One instance of these actions took place in 1308, when the town council of Alcázar de San Juan (Ciudad Real), a small town belonging to the Hospitaller Order, and situated in the so-called Campo de San Juan, in the Southern Castilian Plains, raised a number of requests and complaints to the General Chapter of the said military order. Among those petitions, there was one related to the abuse they were suffering at the hands of a ‘moor’ called Ali, who was, or so we believe, in charge of the administration of one of the order’s houses and/or fortresses, situated near that town.4 Ali, of whom we do not know a last name, is suspected to have been a slave belonging to the military order, albeit one with a certain level of power.5

4 This document is dated May 31st of that year and was published first by Philippe Josserand,

‘Nuestro moro que tiene a Cervera.
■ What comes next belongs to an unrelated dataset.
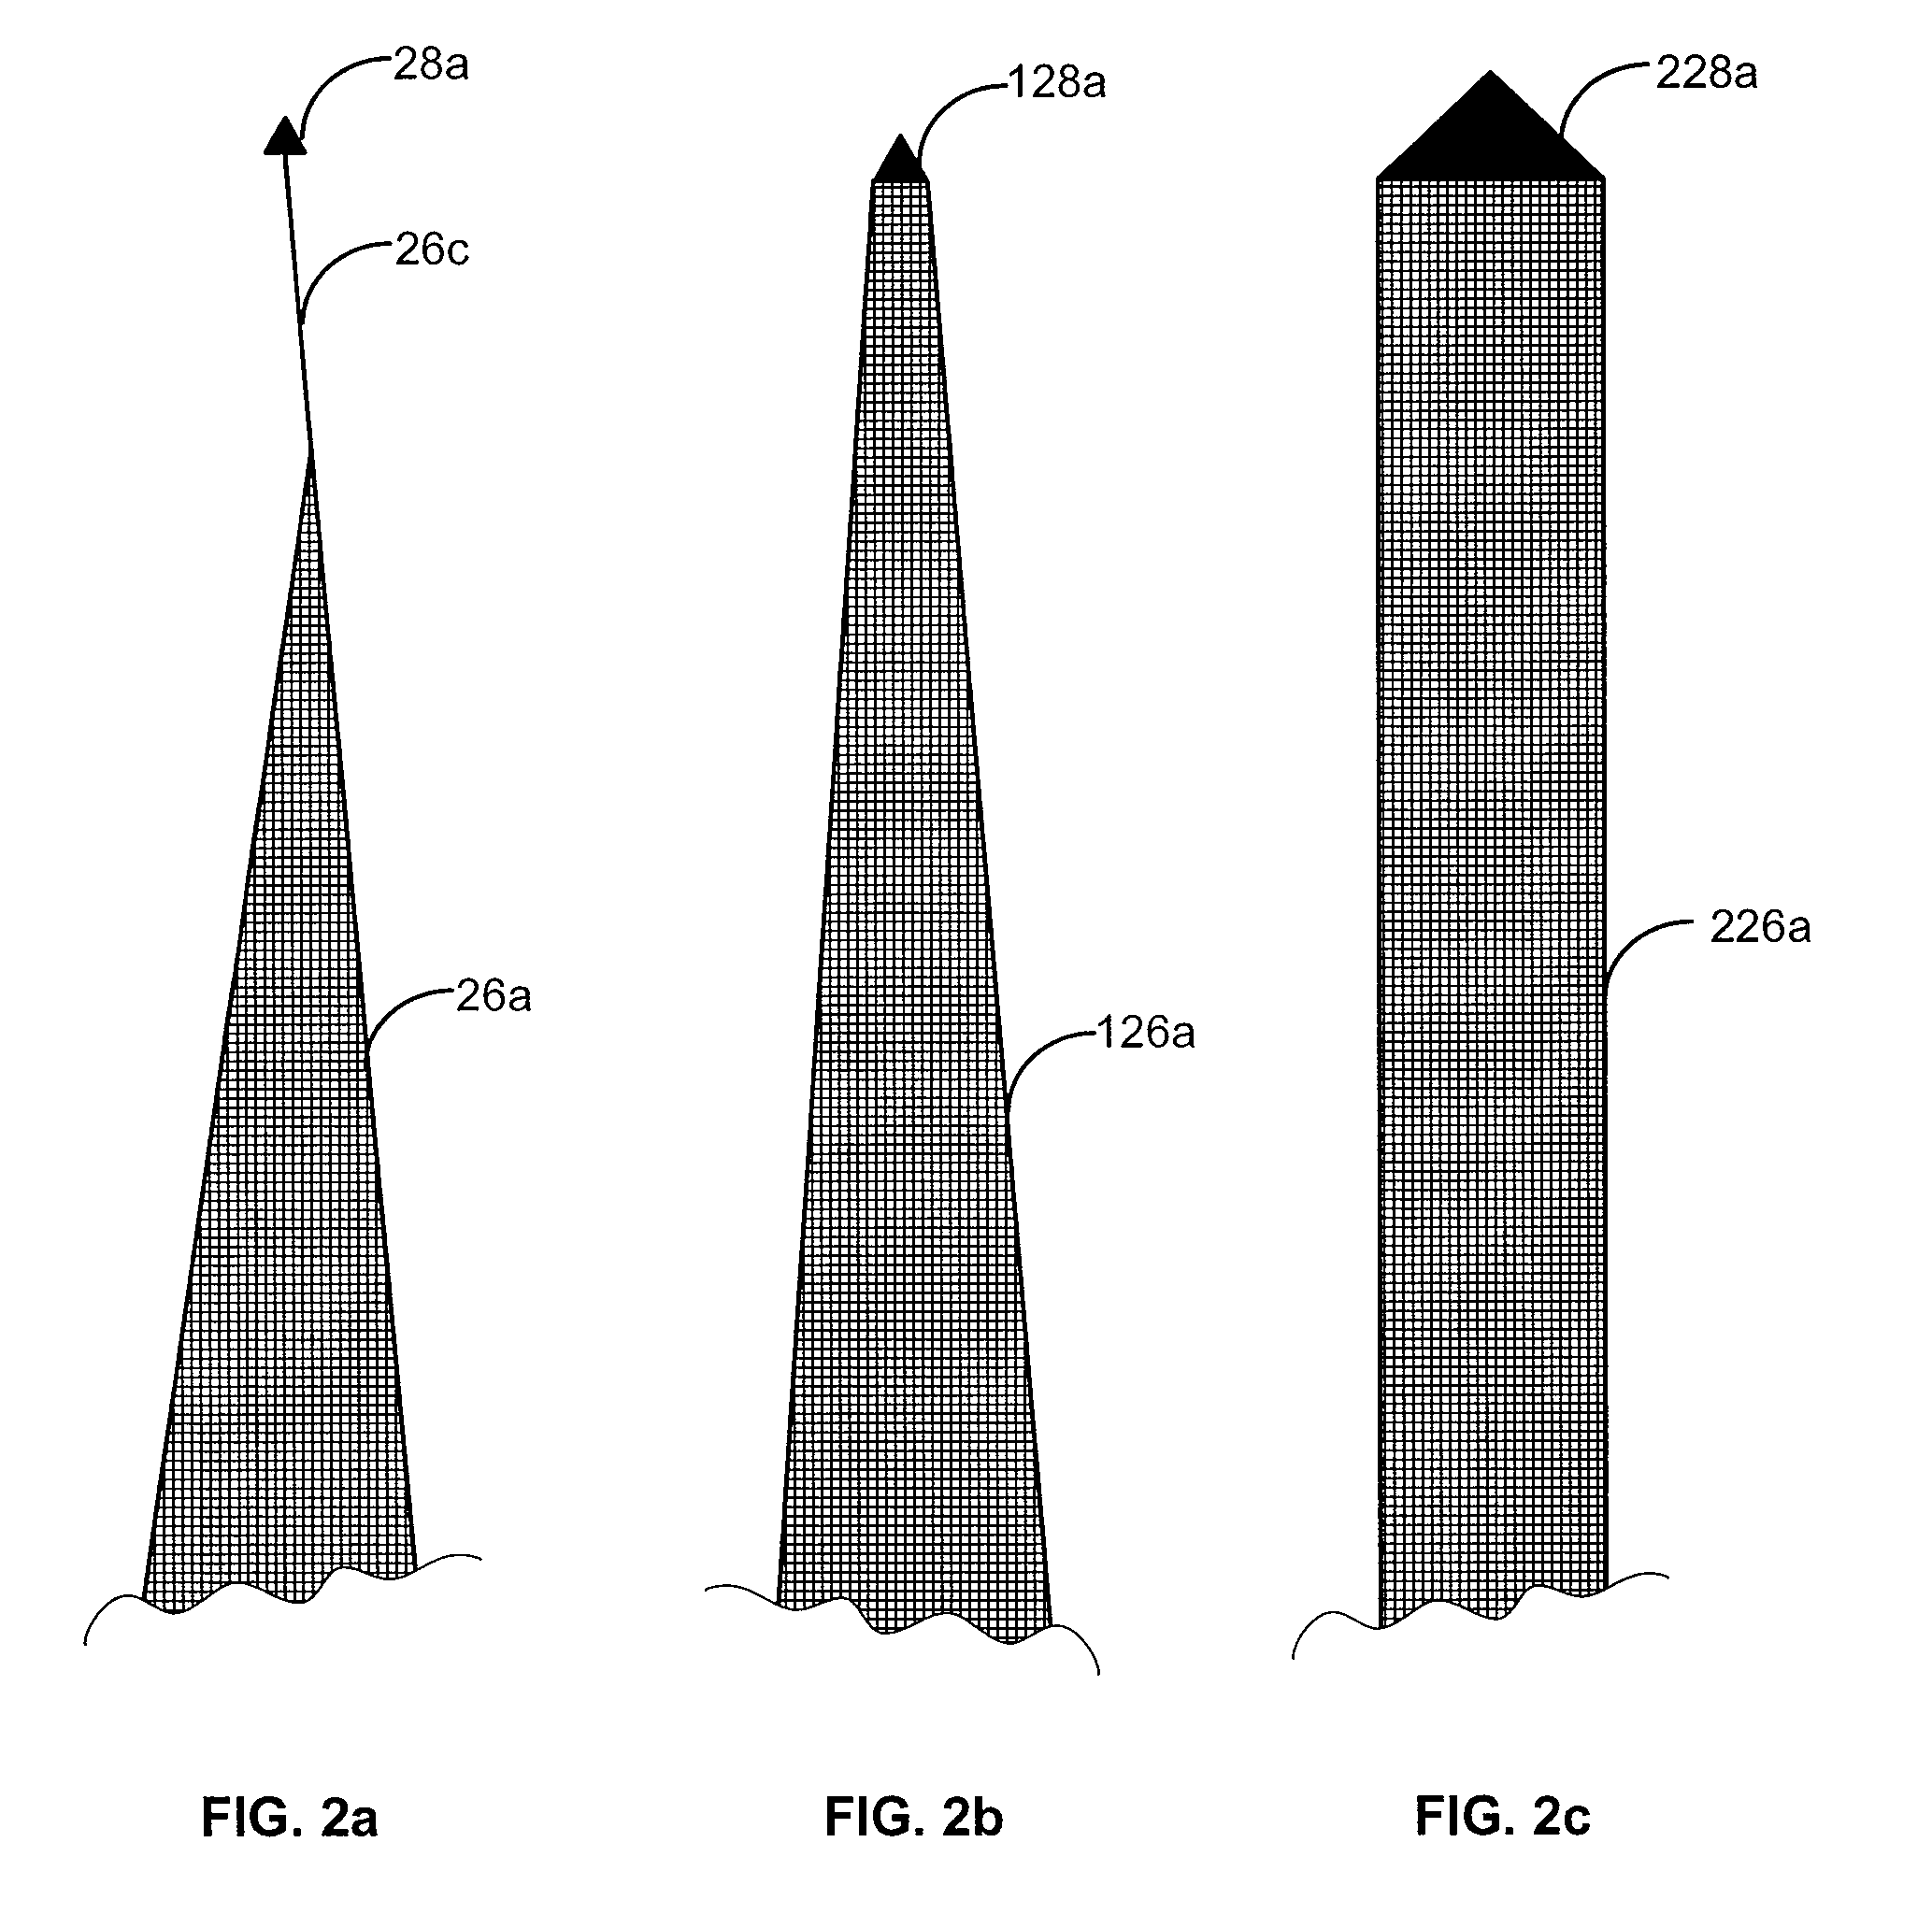 System and Method for Treating Tissue Wall Prolapse

Un châtelain musulman au service de l’ordre de l’Hôpital au début du XIVe siècle’, Stéphane Boissellier, et al. (dir.) Minorités et régulations sociales en Méditerranée médiévale (Rennes: Presses universitaires de Rennes, 2010), pp. 175‒77, and later by Pedro A. Porras Arboledas, et al. Documentos medievales del archivo municipal de Alcázar de San Juan (Siglos XII-XV) (Alcázar de San Juan: Patronato Municipal de Cultura, 2012), pp. 60‒62;. There is also a copy of this document inserted in a later one dated the 5th of May, 1490, that has also been published by Juan M. Mendoza Garrido and Luisa Navarro de la Torre ‘Unas ordenanzas sobre Alcázar de San Juan a comienzos del siglo XIV’, Cuadernos de Estudios Manchegos, 21 (1991), pp. 171‒91, specially pp. 189‒91.

5 Different interpretations have been given on this point. Mendoza Garrido and Navarro de la Torre

‘Unas ordenanzas sobre Alcázar de San Juan’, on the one hand, sets forward a similar interpretation to the one espoused here, while Carlos Barquero Goñi simply states that he had a place in the organisation of the military order (Carlos Barquero Goñi, ‘Mudéjares bajo el señorío de la Orden Militar del Hospital en la España medieval (siglos XII-XV)’, Ana Echevarria Arsuaga (ed.), Biografías mudéjares o la experiencia de ser minoría: biografías islámicas en la España cristiana (Madrid: CSIC, 2008), pp. 183‒99, p. 194). On the other hand, Ph. Josserand, stresses the use of a possessive article in the mention of Ali in the text, reading in that his condition of slave, without dismissing the importance of the position he occupied (Josserand,

‘Nuestro moro que tiene a Cervera’, p. 166).